WIlcox was administered a polygraph test last month by a retired Federal Bureau of Investigation polygrapher, Cliff Cormany, who said the results "were overwhelming in favor of Mr. Wilcox's truthfulness that Mr. Wilcox did not commit the crime." This test was reviewed by another polygrapher who reached the same conclusion.

The main body of evidence presented to the Parole Board centers on testimony offered by two elderly employees of the Wilcox family -- Ed Wrentz and Lorenzo Marshall. Wilcox's attorneys state the case hinged on the testimony of the two men, which was forced from them by police and which both later recanted -- in Marshall's case, during the trial. "(Wrentz and Marshall) stated they were scared and Mr. Charlie Spray (police investigator) threatened them with jail and the death penalty if they did not accuse Mr. Wilcox of the crime," stated Wilcox's attorneys.

The statement continues that evidence of the "forced" statements was not available to the defense prior to the trial, but were available to Judge Wilbur Owens, who ruled their testimony as "coerced and not believable" in the decision that released Wilcox from prison in 1985.

The information presented to the Board also includes references to Charlie Spray's April 1995 arrest and conviction for stealing government property when he was Valdosta Police chief. The letter said Spray was investigated after allegations were made that he tampered with evidence during a murder investigation involving a police officer suspected of committing a double homicide.

The letter also states that today, no district attorney would present the same evidence to a grand jury, in their opinions.

In reference to Wilcox as no threat, the letter states that he has been a trustee at Reidsville State Prison since 1993 where he serves as a fireman. "He is housed outside of the prison compound and security perimeter at the fire station with virtually no correctional officer supervision.

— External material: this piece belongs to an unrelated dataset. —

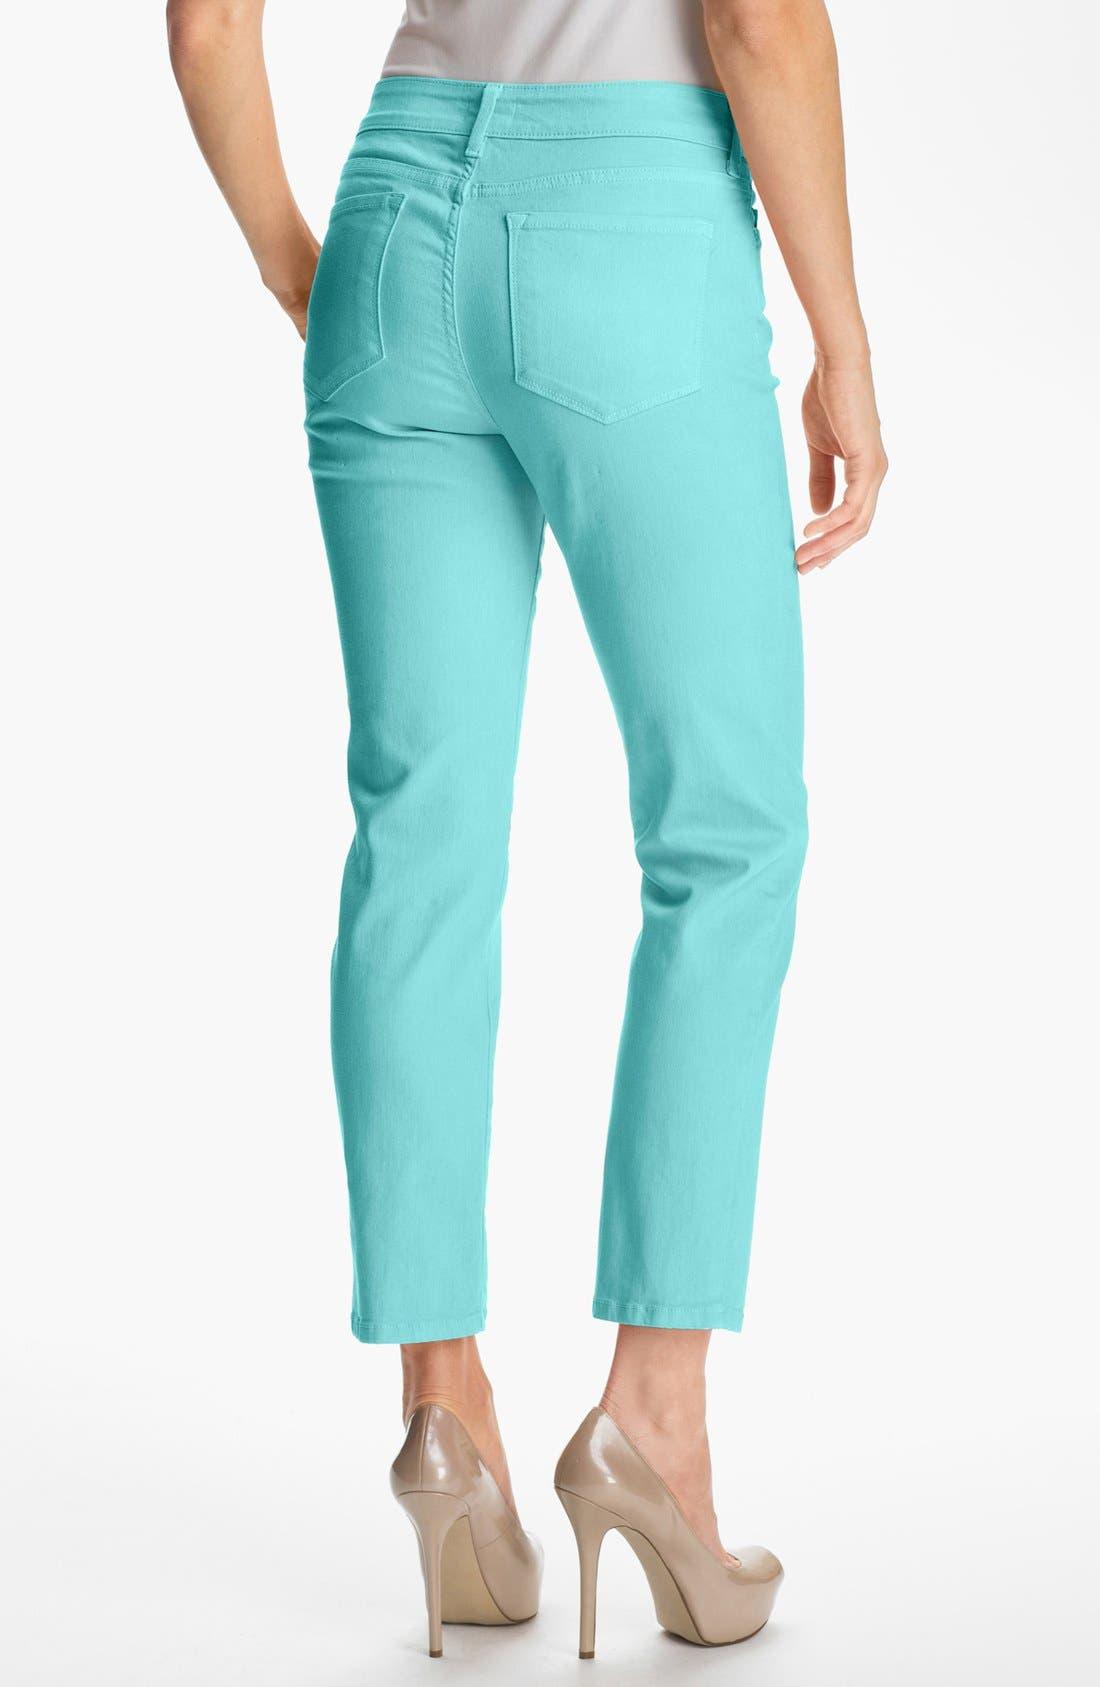 Alternate Image 2  - NYDJ 'Alisha' Colored Stretch Ankle Skinny Jeans

He has received commendations not only for his conduct, but also for the positive service he has rendered as a fireman and EMT assistant.

The letter says that Wilcox has paid his debt to society for a crime he has maintained he did not commit. Statistics provided by the parole board said 552 lifers were granted parole between 1991 and 1999, with their average sentence being 15 years, it states.

The attorneys also point out that Wilcox did not attempt to flee during the five weeks before his return to prison after the federal court overturned his release. They also encourage the board to meet with Wilcox although they state in the letter that it is unusual for that to occur. However, the letter asks the board to consider Wilcox's clean record prior to the conviction if they will not consider the other evidence.

They maintain that Wilcox has never been a threat to citizens. "He was a model citizen before his conviction, he has been a model prisoner and he will be a model parolee."